Jest jak Zagumny i Drzyzga? "Jego pozycja jest niepodważalna"

WP SportoweFakty / Tomasz Fijałkowski / Na zdjęciu: Marcin Janusz
WP SportoweFakty / Tomasz Fijałkowski / Na zdjęciu: Marcin Janusz

- Marcin Janusz pokazuje wielką jakość. Jest pewny siebie. Tytuły, które wywalczył, mówią same za siebie. To zawodnik światowej klasy. Boję się tylko o jedno - mówi Wojciech Drzyzga, wielokrotny reprezentant kraju o polskim rozgrywającym.

Marcin Janusz ma dopiero 29 lat. W siatkówce osiągnął już jednak tyle, że gdyby zdecydował się zakończyć sportową karierę, i tak mógłby się nazwać spełnionym sportowcem. Rozgrywający reprezentacji Polski wszak wygrał dwa razy z rzędu Ligę Mistrzów.
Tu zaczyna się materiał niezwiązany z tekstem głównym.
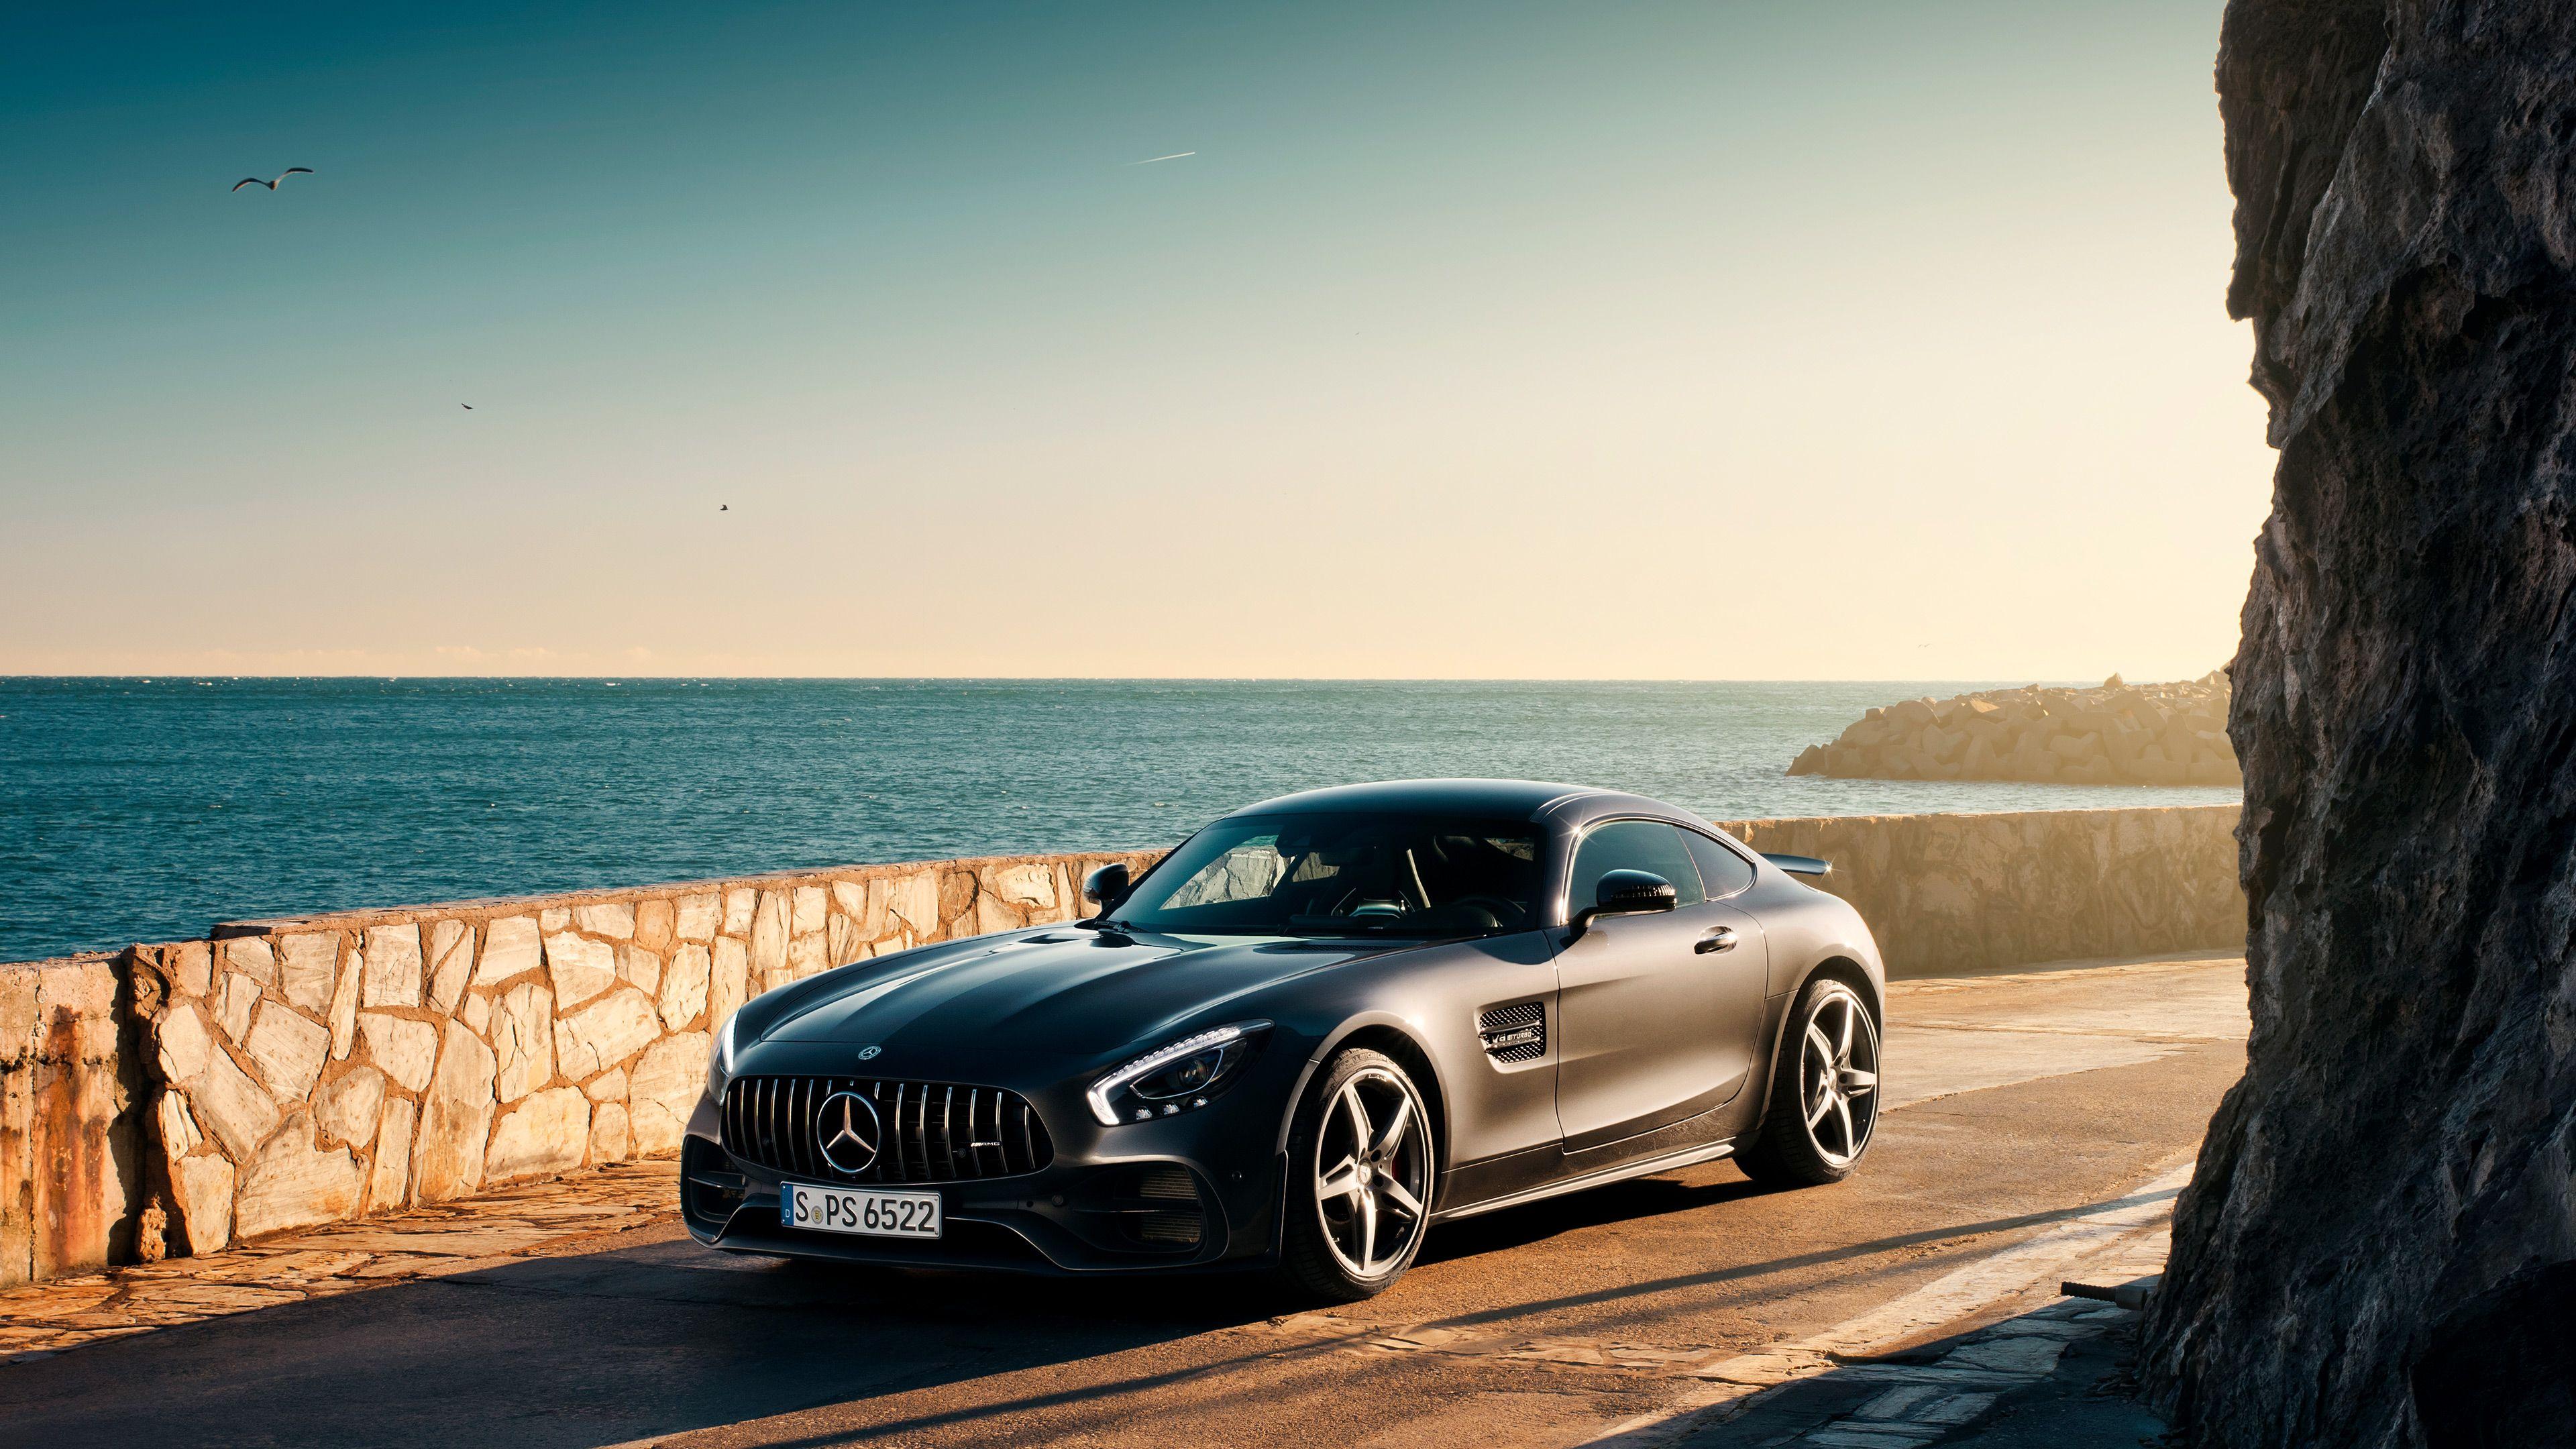 Wallpaper 4k Black Mercedes Benz Amg Gt 4k 2019 Cars Wallpapers

Z kolei w 2022 roku świętował zdobycie wicemistrzostwa świata, a bieżący sezon zwieńczył triumfem w Lidze Narodów. - Dla mnie to oczywiście pierwszy złoty medal w reprezentacyjnej karierze. Ten krążek jest dla mnie czymś specjalnym. Zdobyłem go w mieście, które zawsze bardzo dobrze wspominam. Tak ważne trofeum w tak szczególnym dla mnie miejscu znaczy naprawdę wiele - mówił Marcin Janusz w rozmowie z WP SportoweFakty.

- Tytuły, które zdobył świadczą o wielkiej jakości. Nikt na świecie nie powinien wątpić w jego klasę sportową, tudzież głowić się nad tym, czy nagle zacznie seryjnie rozczarowywać, bo pokazał, że nie schodzi poniżej pewnego poziomu. Potrafi grać stabilnie i spokojnie, a przy tym idealnie pasuje do koncepcji taktycznej Nikoli Grbicia - ocenił grę Polaka, Wojciech Drzyzga, również w rozmowie z nami.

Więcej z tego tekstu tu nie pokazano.